CERT's Best-Worst Vulnerabilities of 2005

Though there were more reported vulnerabilities, Linux is still seen as likely more secure than Windows.
Which operating system logged the most vulnerabilities in 2005?

According to the United States Computer Emergency Readiness Team (US-Cert) 2005 year-end index, Unix/Linux racked up more reports of vulnerabilities compared to Windows.

Security professionals, however, argue that the numbers alone don't tell the full story, and that a properly configured Unix/Linux server is likely more secure than a Windows server.

US-CERT's year-end compilation found 5198 reported vulnerabilities in 2005. Of that number, 2328 of them were for Unix/Linux (45 percent), 2058 were multiple operating system vulnerabilities (40 percent), and 801 were for Windows (15 percent).

Notably absent from US-CERT's index, however, is the recent zero day WMF metafile issue for which Microsoft has promised a patch next week.

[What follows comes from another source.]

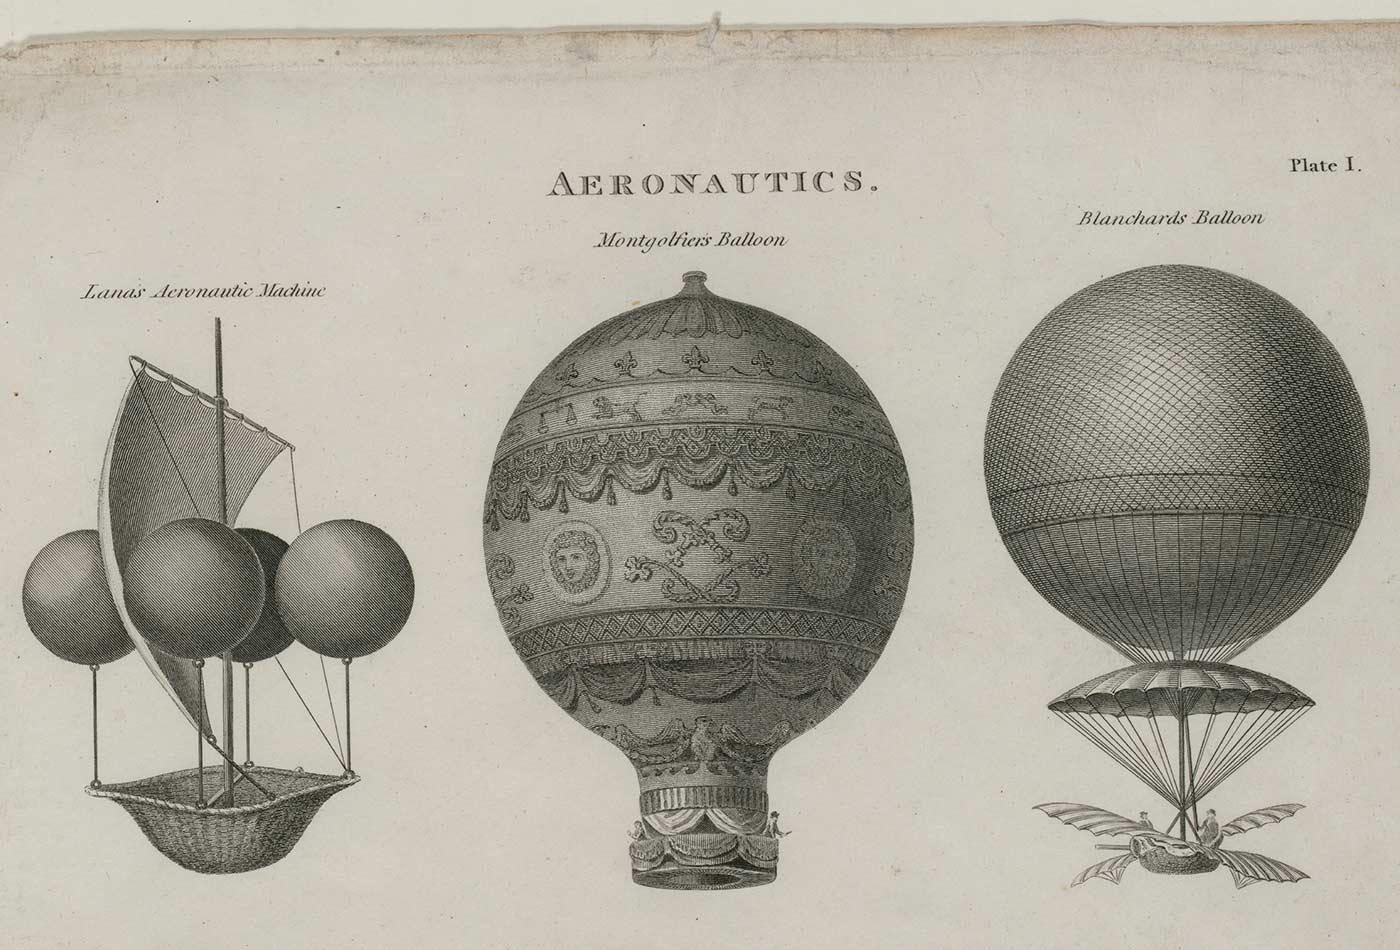 Early aeronautics, 1818.

Panda Software CTO Patrick Hinojosa said he doesn't think the raw numbers tell the whole story. "*nix vulnerabilities cover a wide range of actual OS's and that would tend to mitigate the ability to exploit these," Hinojosa told internetnews.com. "In addition, when I examined the vulnerabilities listed, the ones in Windows are probably more problematic given that the given Windows user is going to be much less security aware that the typical *nix user," he said. "Considering all factors, I would feel more confident in a Unix server that is locked down than in a Windows server."